**Task to complete**:
Restate the whole listing below word for word and keep the images out.

**Source material**:

Start of Block

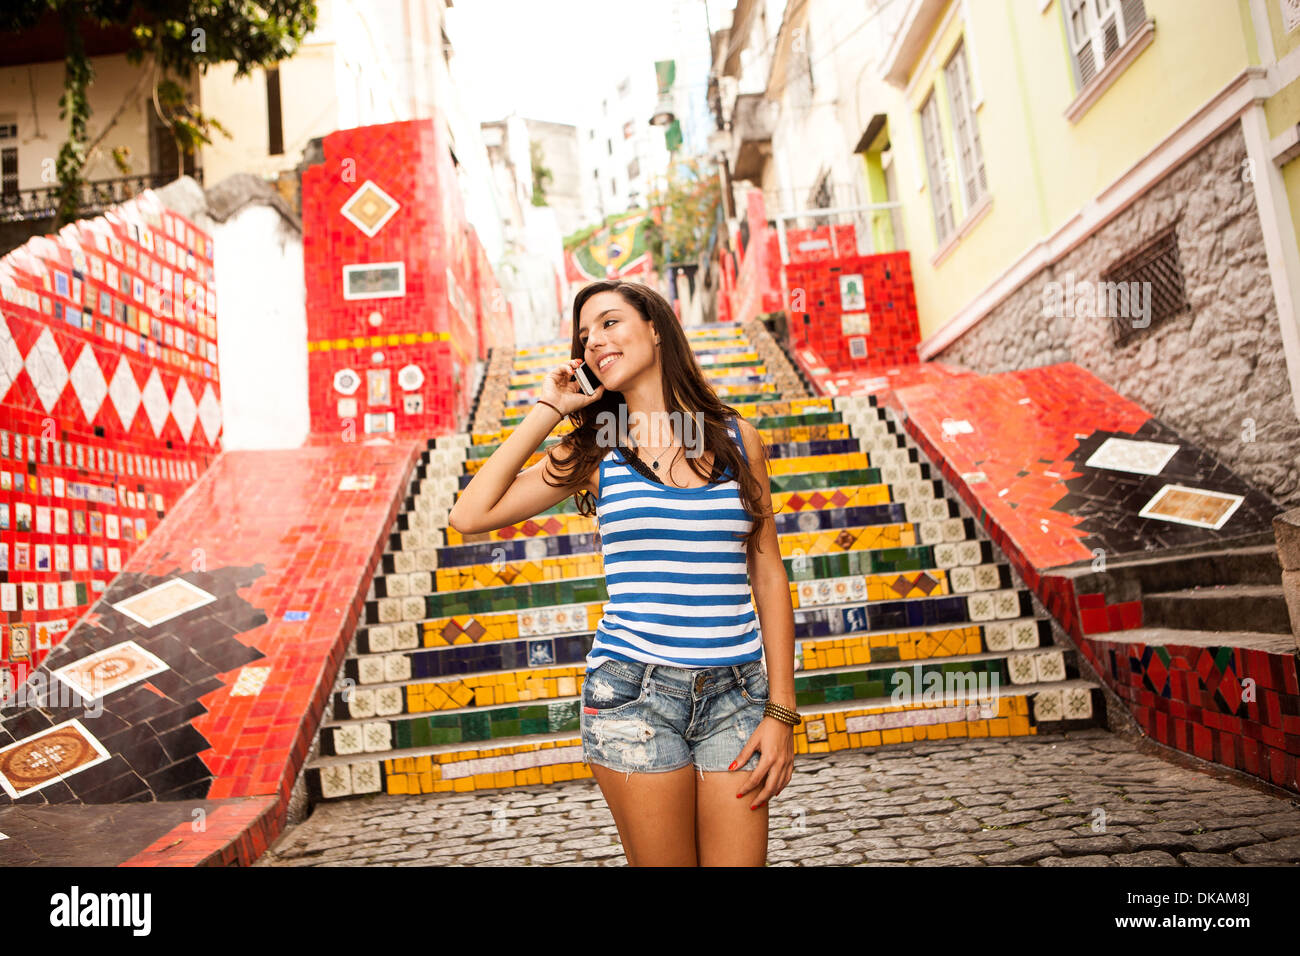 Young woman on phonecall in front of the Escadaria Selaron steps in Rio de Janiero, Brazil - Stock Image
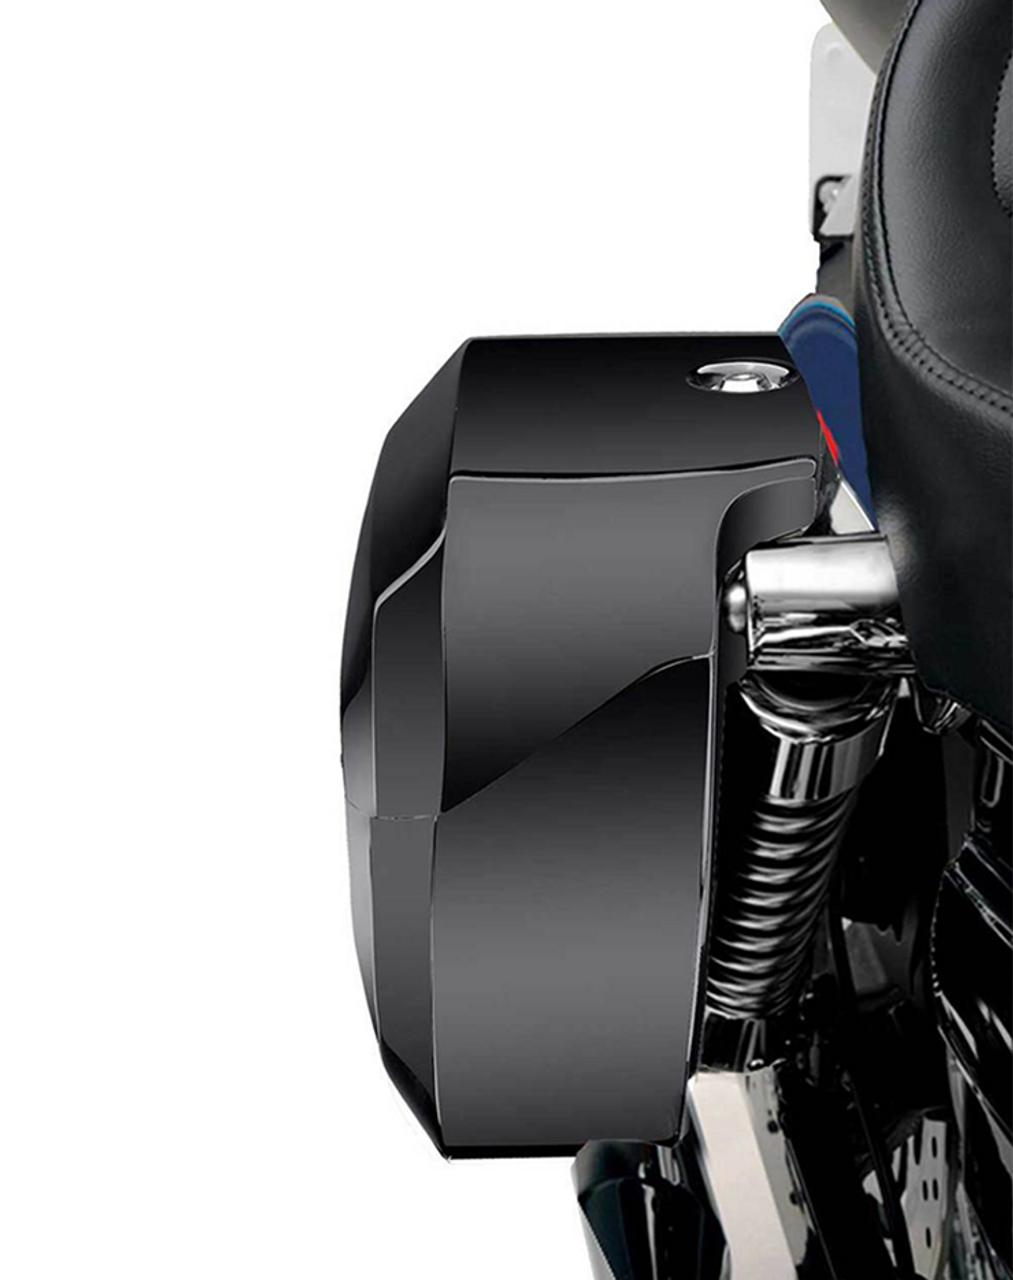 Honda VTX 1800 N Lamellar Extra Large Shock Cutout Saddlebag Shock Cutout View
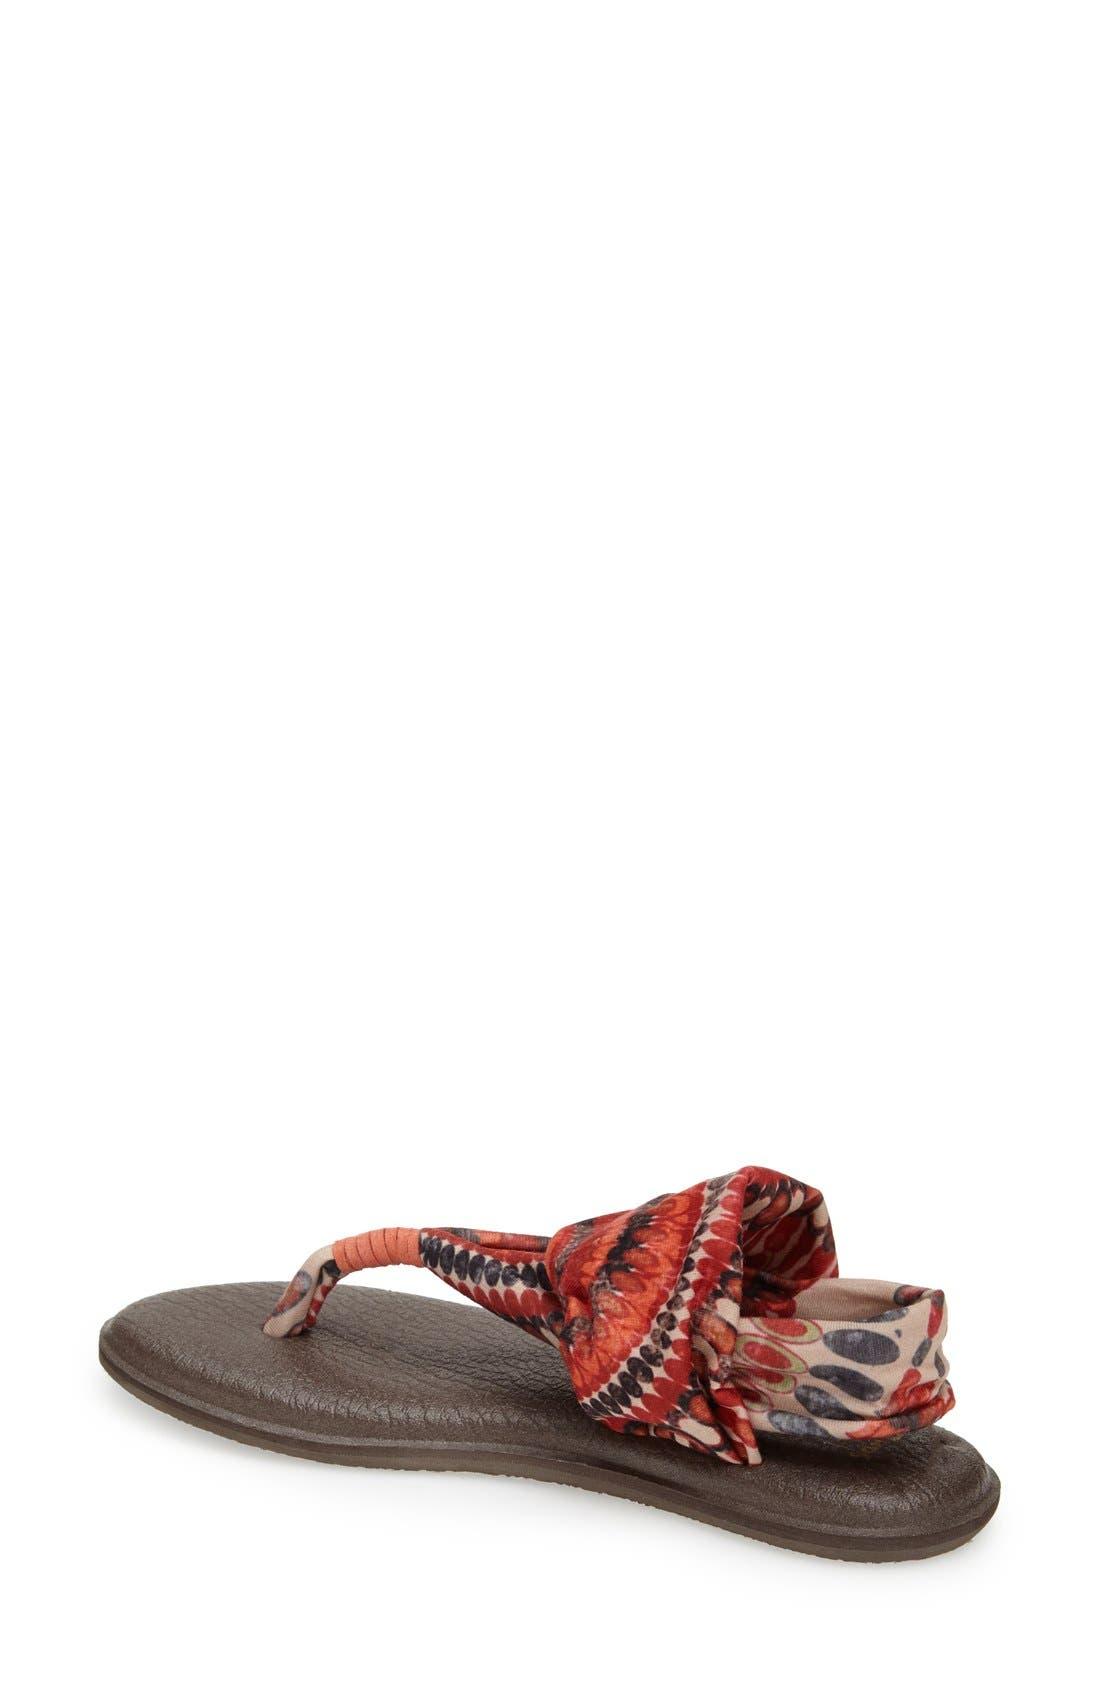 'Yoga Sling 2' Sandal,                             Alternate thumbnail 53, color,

End of Block

**Answer below**:
 Young woman on phonecall in front of the Escadaria Selaron steps in Rio de Janiero, Brazil - Stock Image
 Honda VTX 1800 N Lamellar Extra Large Shock Cutout Saddlebag Shock Cutout View
 'Yoga Sling 2' Sandal,                             Alternate thumbnail 53, color,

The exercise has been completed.